To understand the scope and implication of the term ‘misconduct’, the context of the role and responsibility of an advocate should be kept in mind. Misconduct is a sufficiently wide expression, and need not necessarily imply the involvement of moral turpitude. ‘Misconduct’ per se has been defined in the Black’s Law Dictionary to be “any transgression of some established and definite rule of action, a forbidden act, unlawful or improper behavior, willful in character, a dereliction of duty.” In a different context, the Supreme Court has opined that the word “misconduct” has no precise meaning, and its scope and ambit has to be construed with reference to the subject matter and context wherein the term occurs.
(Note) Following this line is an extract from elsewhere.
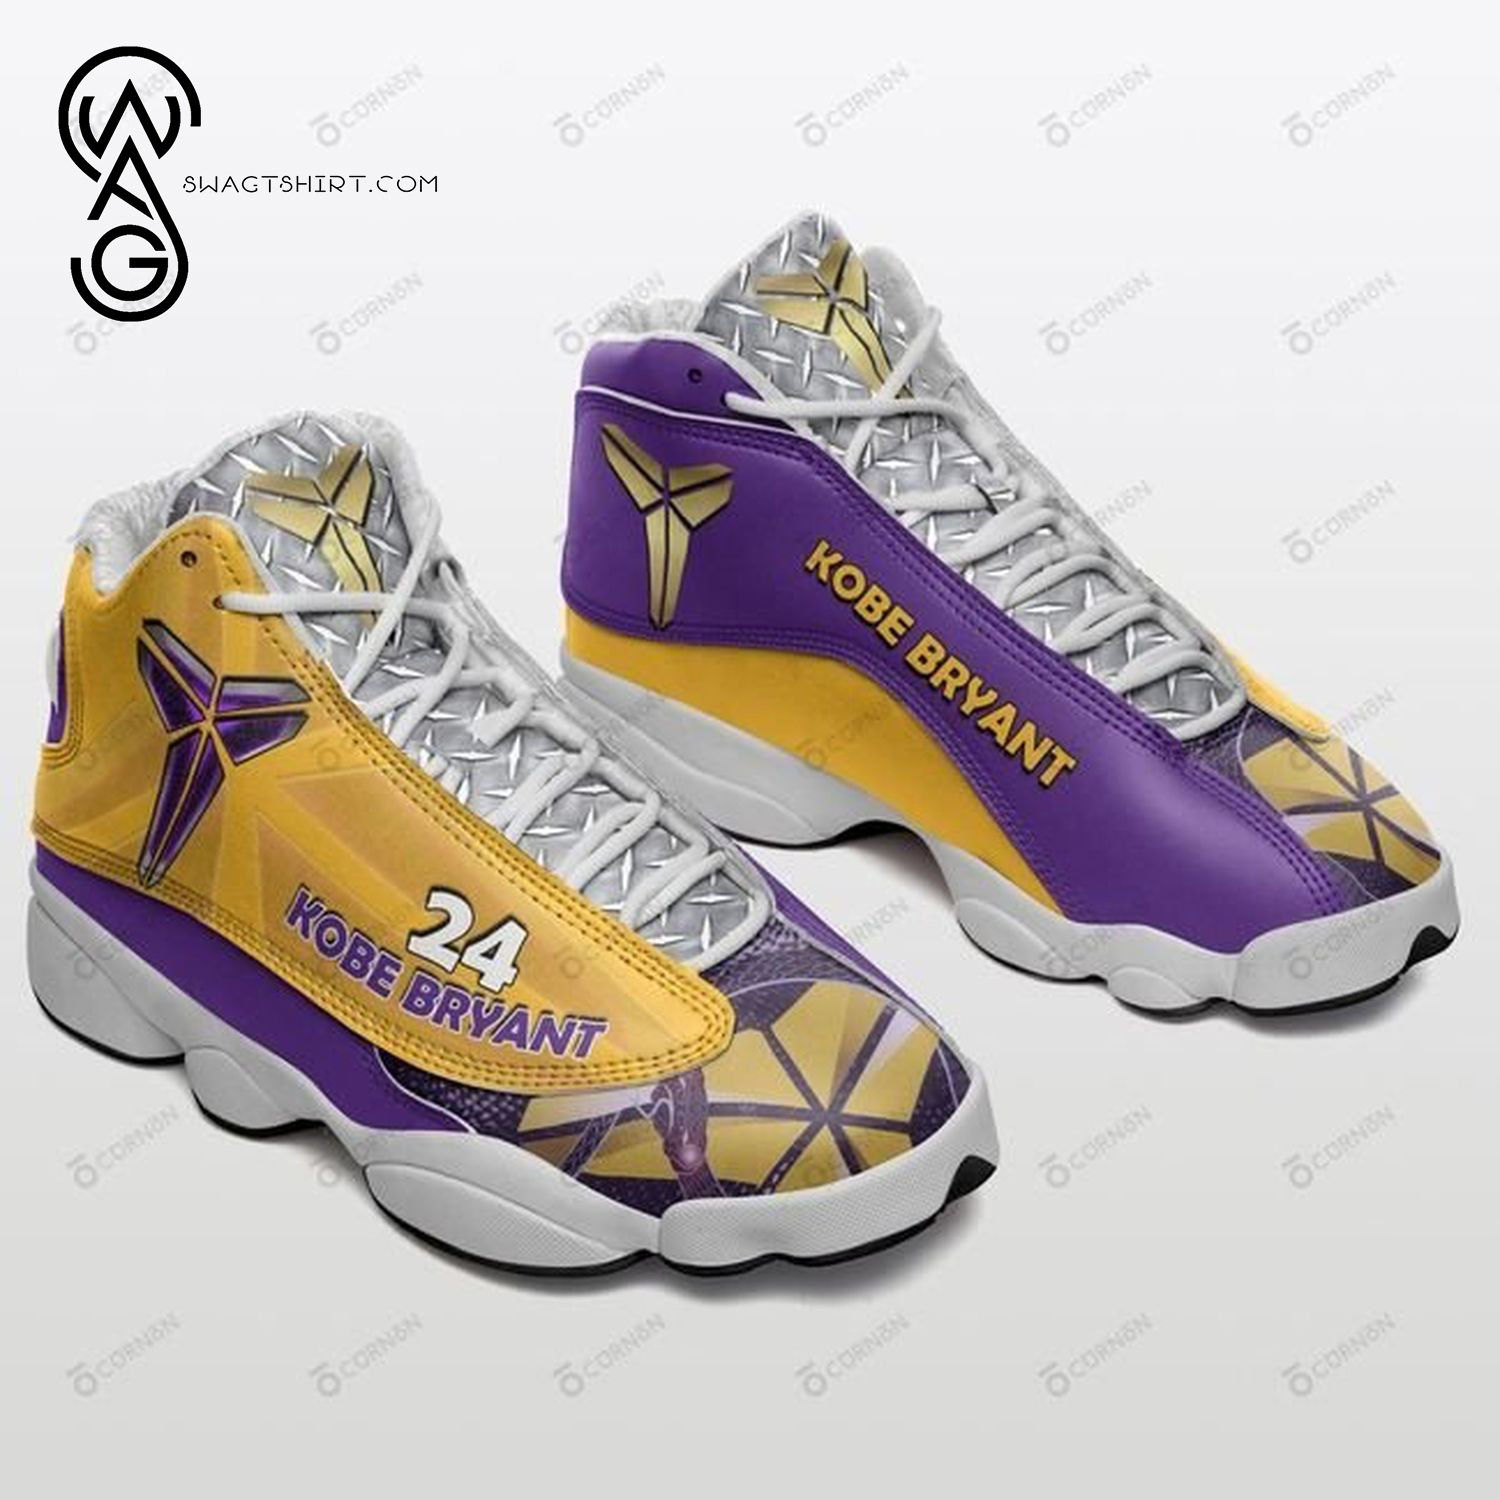 Kobe Bryant Basketball Player Air Jordan 13 Shoes

In the context of misconduct of an advocate, any conduct that in any way renders an advocate unfit for the exercise of his profession, or is likely to hamper or embarrass the administration of justice may be considered to amount to misconduct, for which disciplinary action may be initiated.
Darling J, defined the expression professional misconduct in, In re A Solicitor ex parte the law society as, It is shown that the advoate in the pursuit of his profession has done some thing with regard to it which would be reasonably regarded as disgraceful or dishonourable by his professional brethren of good repute and competeny, then it is open to say that he is guilty of professional misconduct.
Misconduct is sufficiently comprehensive to include misfeasance as well as malfeasance and is applied to the professional people, it include unprofessional acts even though they are not inherently wrongful. The professional misconduct may consist the fact in any conduct, which tends to bring reproach on the legal profession or to alienate the favourable opinion which the public should entertain concerning it. In state of Punjab v Ram Singh the supreme Court held that the term misconduct may involve moral turpitude, it must be improper or wrong behaviour, unlawful behaviour, willful in character, a forbidden act, a transgression of established and definite rule of action or code of conduct, but not mere error of judgement, carelessness or negligence in performance of duty.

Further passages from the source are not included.